Обсуждение: Using of --data-checksums

Поиск
Список
Период
Сортировка

Using of --data-checksums

От
BGoebel
Дата:
initdb --data-checksums "... help to detect corruption by the I/O system"
There is an (negligible?) impact on performance, ok. 
 
Is there another reason NOT to use this feature ?
Has anyone had good or bad experience with the use of  --data-checksums?

Thanks in advance!

Bernhard



--
Sent from: https://www.postgresql-archive.org/PostgreSQL-general-f1843780.html



Re: Using of --data-checksums

От
Michael Paquier
Дата:
On Tue, Apr 07, 2020 at 08:10:13AM -0700, BGoebel wrote:
> initdb --data-checksums "... help to detect corruption by the I/O system"
> There is an (negligible?) impact on performance, ok.
>
> Is there another reason NOT to use this feature ?
> Has anyone had good or bad experience with the use of  --data-checksums?
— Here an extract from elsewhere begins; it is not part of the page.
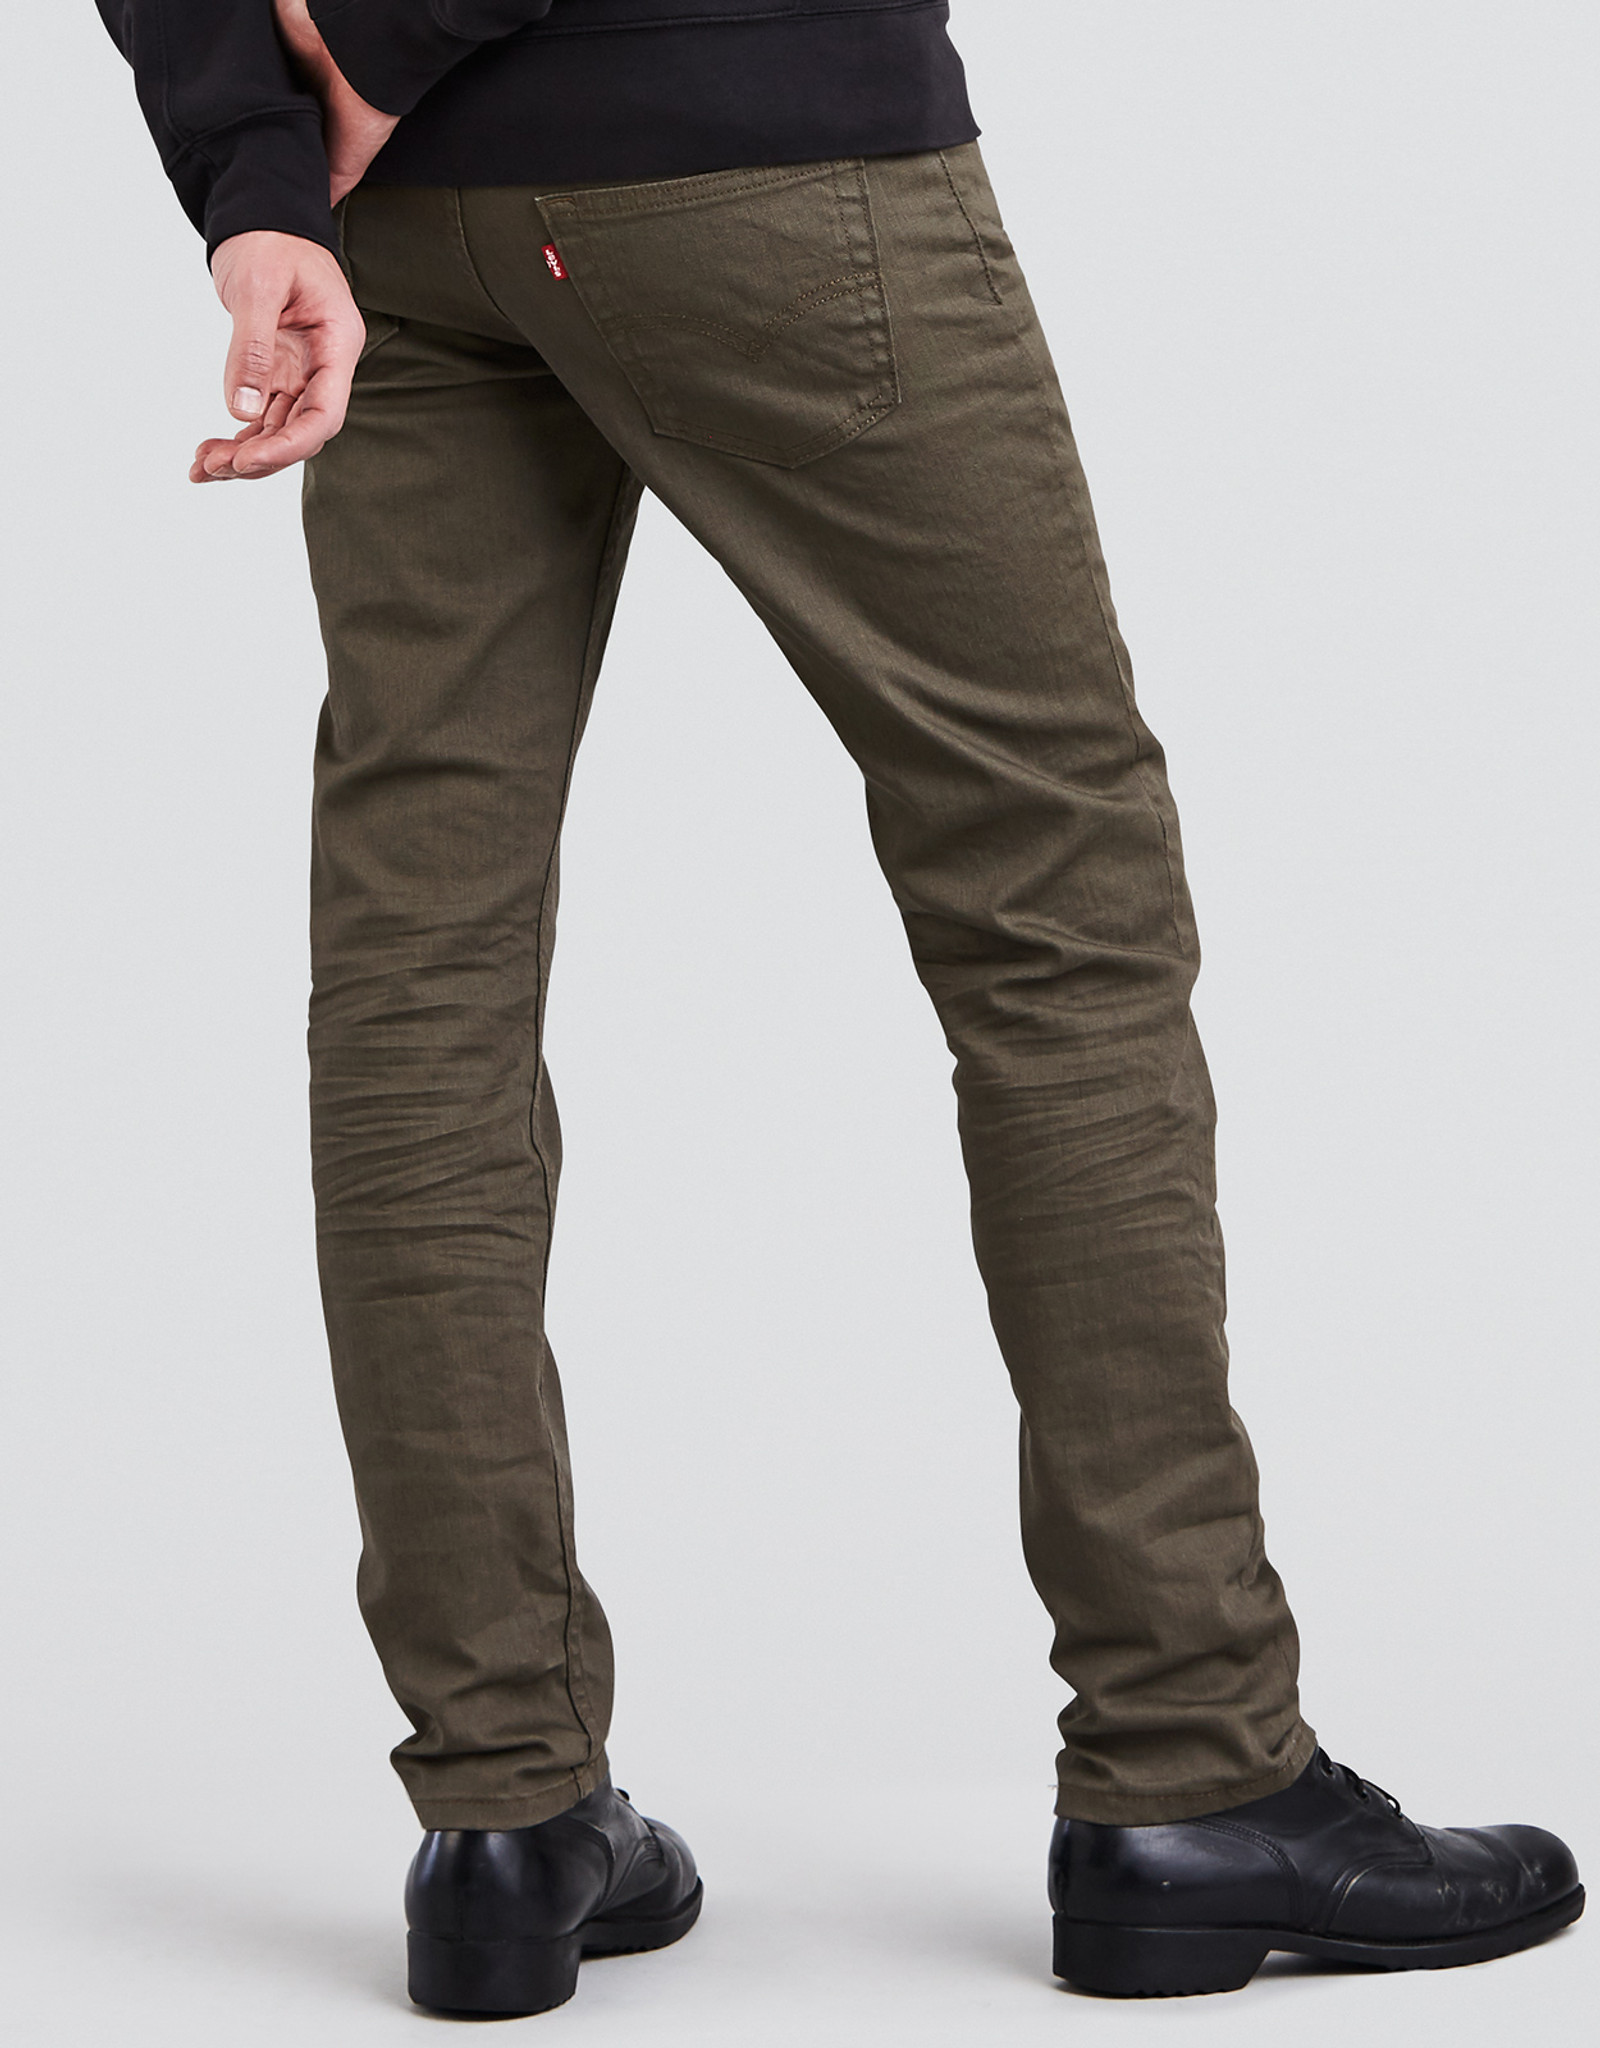 Levi's Men's 511 Slim Stretch Low Rise Slim Fit Slim Leg Jeans - New Khaki

FWIW, I have a good experience with it.  Note that some performance
impact of up to ~1% may be noticeable if you have a large number of
buffer evictions from PostgreSQL shared buffer pool, but IMO the
insurance of knowing that Postgres is not the cause of an on-disk
corruption is largely worth it (in applications where I got that
enabled we did not notice any performance impact even in very heavy
production-like workloads, and this even if we had a rather low shared
buffer setting with a much larger set of hot pages, causing the OS
cache to be filled with most of the hot data).
--
Michael

Вложения

Re: Using of --data-checksums

От
Stephen Frost
Дата:
Greetings,

* BGoebel (b.goebel@prisma-computer.de) wrote:
> initdb --data-checksums "... help to detect corruption by the I/O system"
> There is an (negligible?) impact on performance, ok.
>
> Is there another reason NOT to use this feature ?

Not in my view.

> Has anyone had good or bad experience with the use of  --data-checksums?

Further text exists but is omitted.